Bestuurswerk is belangrijk

“Ik ben in het bestuur gegaan, omdat ik na 20 jaar zorgboerderij wel een extra uitdaging erbij kan hebben. Dankzij mijn personeel kan ik nu twee dagen besteden aan administratie en bestuurswerk. Dat doe ik met liefde, omdat ik zie hoe belangrijk bestuurswerk is. Bij Zorgboerderijen Flevoland hebben we nu een onafhankelijk voorzitter, Rob Bakelaar, met politieke/bestuurlijke ervaring. Dat werkt heel goed. Ik denk dat we als sector nog meer aan de weg moeten timmeren. Vooral aandacht voor regeldruk is heel belangrijk. Ik denk dat als we maar bezig blijven met onze kwaliteit borgen en steeds opnieuw laten zien dat het geborgd is, we daar minder regels voor terug kunnen krijgen. Het is fijn dat de Federatie nu ook goed op de politieke toer is.”

“Mijn filosofie over zorglandbouw is dat het het meest helend is als iedereen gewoon lekker buiten bezig is. Het hoeft niet speciaal, en therapie kan helpend zijn, maar gewoon is ook al heel goed. We knuffelen elkaar ook niet uitbundig ofzo. We stellen ons op als elkaars collega’s. We verzetten samen de werkzaamheden en helpen elkaar als iemand iets niet kan. Maar we verwachten ook een stuk eigen verantwoordelijkheid. Als je het kunt, ruim je je eigen bord op, bijvoorbeeld.”

Kleinschaligheid

Mijn zorgboerderij hoeft niet verder te groeien, want geloof in kleinschaligheid en maatwerk. Dat zal ik ook bij de Federatie in blijven brengen. Daarvoor is het nodig een visie op de toekomst te hebben en dit uit te dragen naar de politiek. Dat er nog meer krapte komt in de zorg is onvermijdelijk.
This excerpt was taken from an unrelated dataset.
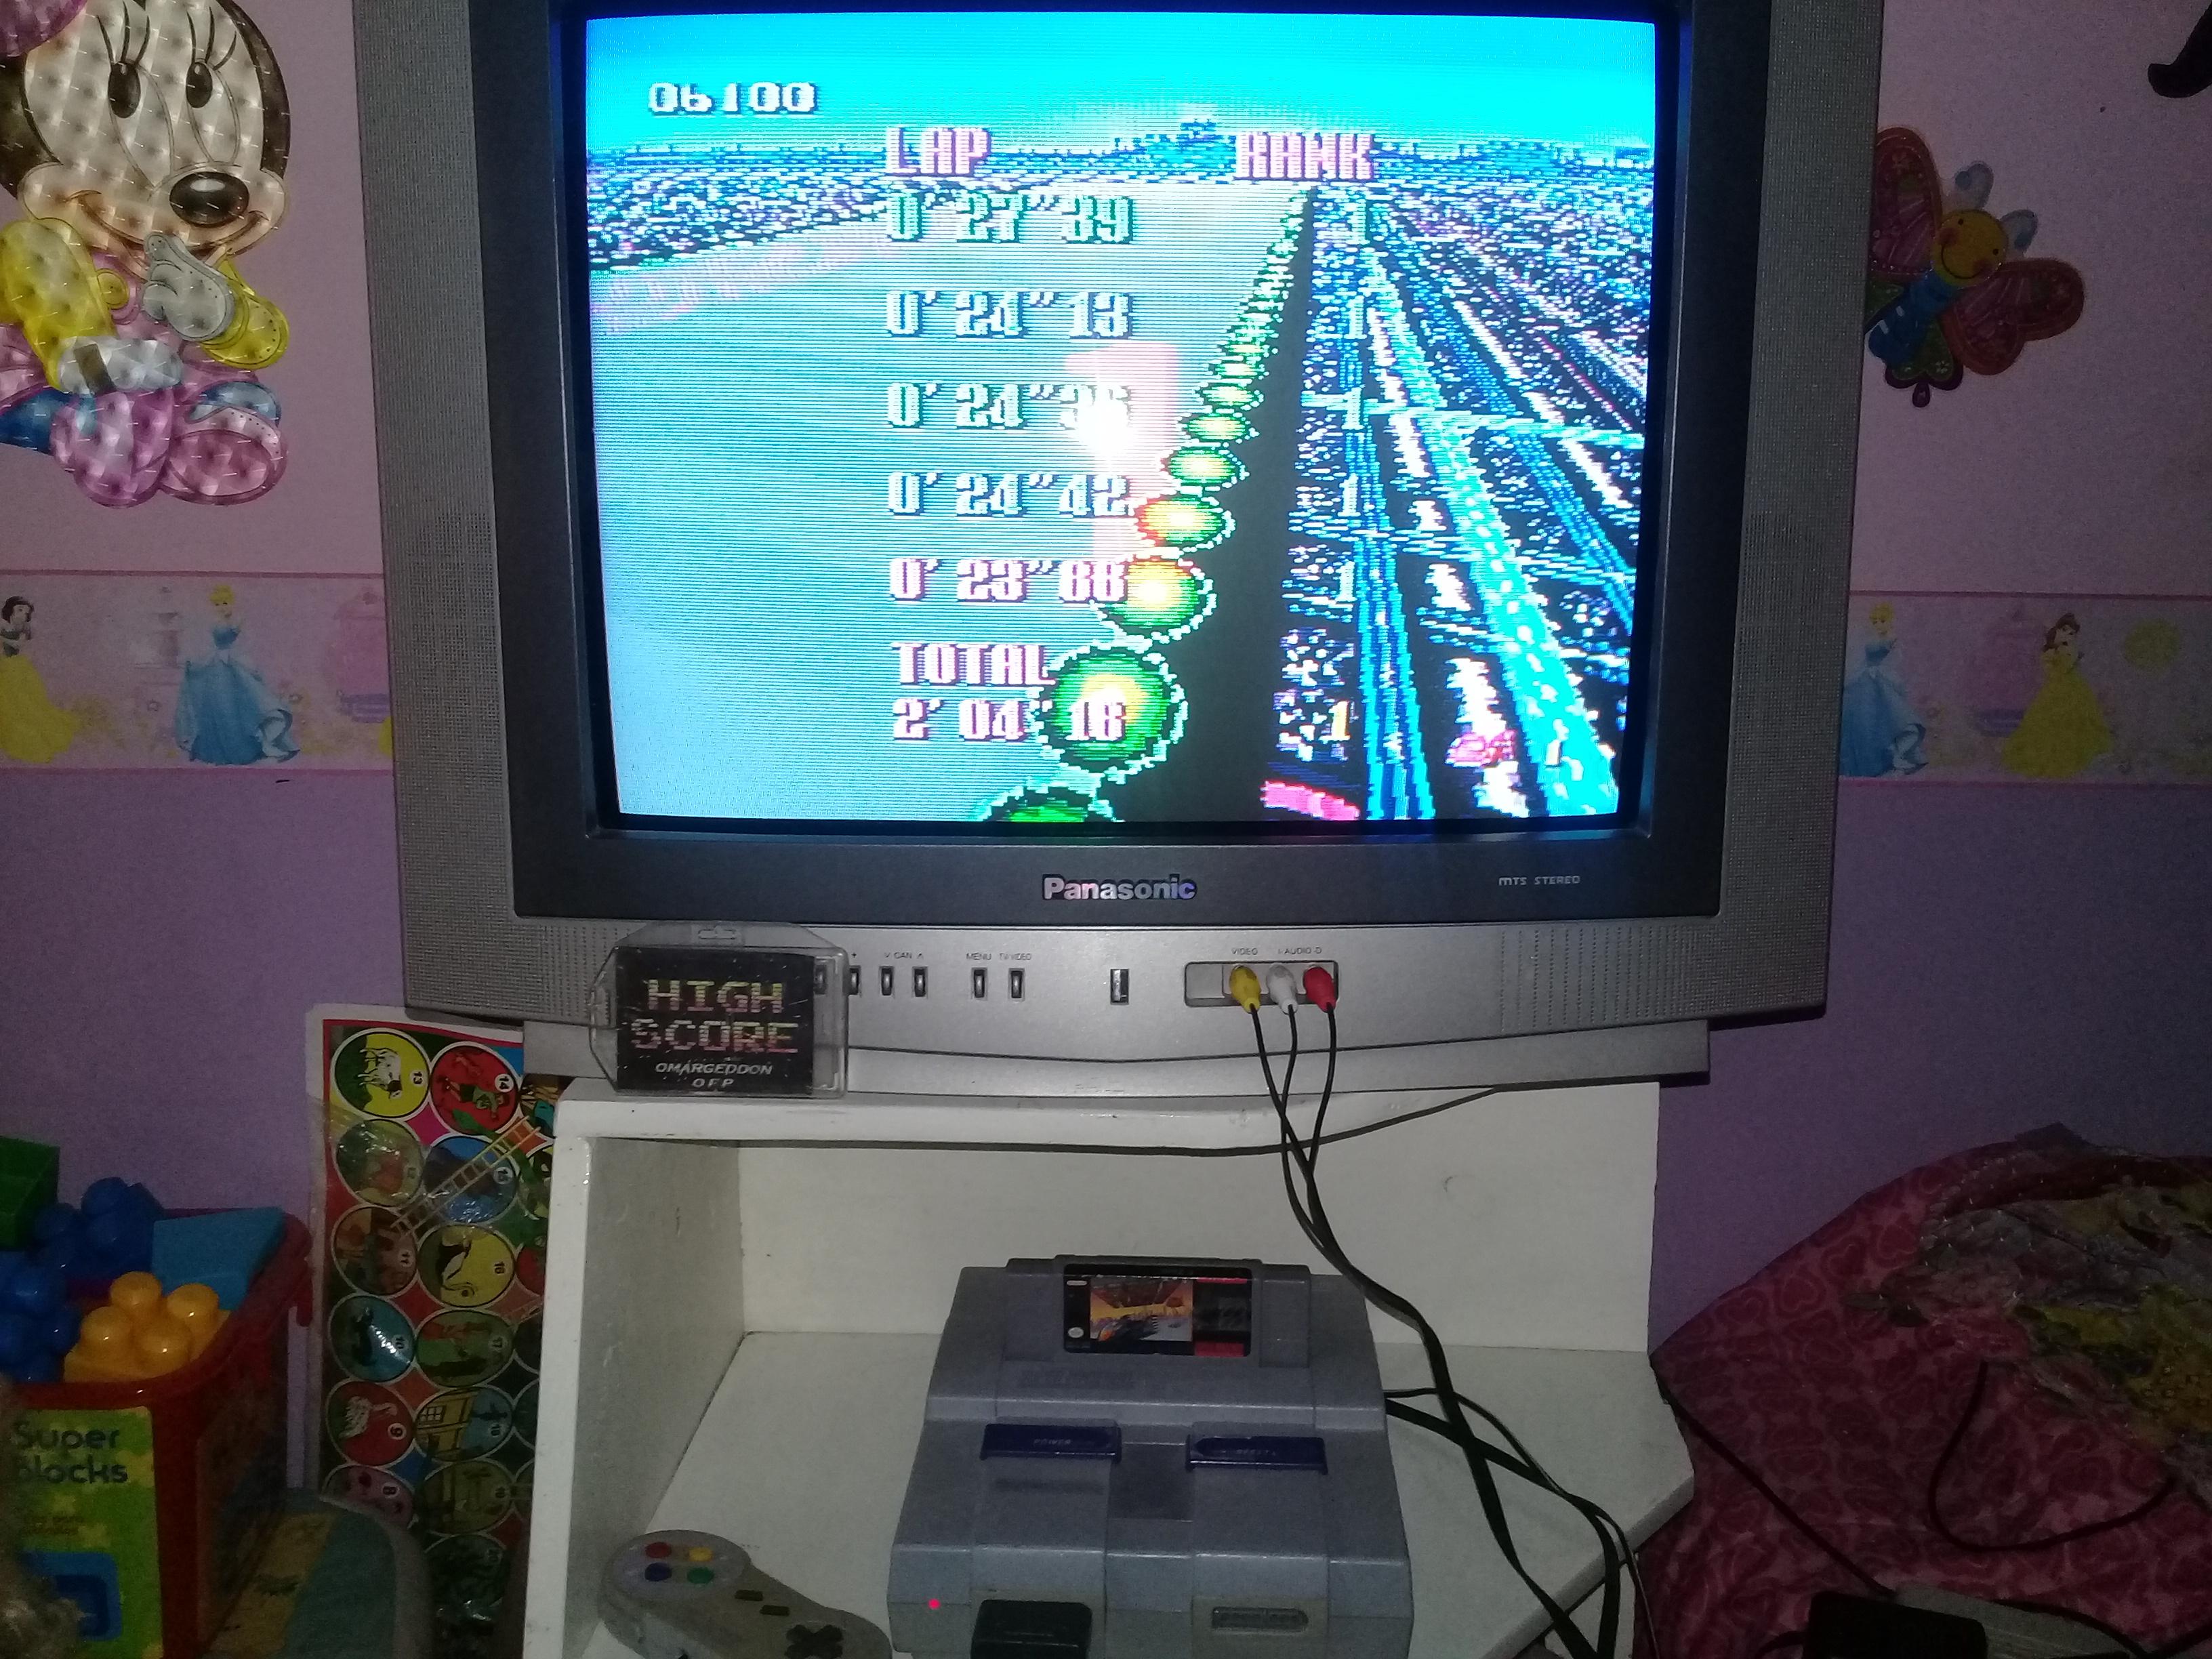 omargeddon: F-Zero: Mute City I [Beginner] (SNES/Super Famicom) 0:02:04.18 points on 2019-06-14 14:49:37

Maar ook is voor mij helder dat we bestaansrecht hebben met onze kwaliteit en ons goede kwaliteitskader en met minder overhead dan bij reguliere instellingen. Ik ben directeur, begeleider, secteratesse en schoonmaker ineen. Maar ook wij moeten blijven kijken naar manieren om de kosten te drukken. Indicatieloze dagbesteding is daar een mooi voorbeeld van. Een ouderbijdrage is misschien ook iets om over na te denken.”

Uiteindelijk serieus genomen

In het verleden was Wilma al betrokken bij een goede actie die de zorgboeren op de kaart zette. “Toen de Awzb kwam, gingen veel zorgboerderijen als onderaannemer aan de slag voor reguliere zorginstellingen. Ook al was er ook nog de mogelijkheid via PGB gelden te werken. Dat ging prima, tot een grote zorginstelling besloot zelf dagbesteding te gaan doen. Onze deelnemers en hun familie lieten het er niet bij zitten en toonden bereidheid hun dagbestedingsbudget als PGB te gaan aanvragen, om daarmee op de zorgboerderij te kunnen blijven. Dat heeft ervoor gezorgd dat we alsnog aan tafel kwamen en inmiddels worden we serieus genomen, zitten we als onderaannemer bij vergaderingen met grote zorgaanbieders aan. We bieden gewoon iets unieks wat helpend is, dat beseft nu iedereen wel.”

Administratieve druk op de agenda

In Flevoland zijn er veel zelfstandige, ervaren zorgboeren. Het is leuk ook hun ervaringen te kunnen delen in de Federatie. Ik zit ook in de commissie kwaliteit, waar ik eveneens het perspectief van de kleine zorgboer inbreng. Zo heb ik net zelf ervaren hoe het is om een financiële jaarverantwoording te doen. Dat was echt een kriem en niks voor mij. Solvabiliteit, passiva, activa, wát een termen. Gelukkig kreeg ik er hulp bij. Het jaarverslag van het keurmerk vind ik wel prima, dat gaat over inhoud en helpt bij leren en reflecteren. Het is een stok achter de deur dat je niet zomaar iets doet. Persoonlijk zou ik een jaarlijkse onverwachte audit ook mooi vinden, want op papier kan het weer anders zijn dan in de praktijk. Maar ik snap dat dat kostbaar is. Veel bezoek ontvangen helpt ook, dan heb je veel blikken van buiten. Zoals met de Open dag op 14 juni.”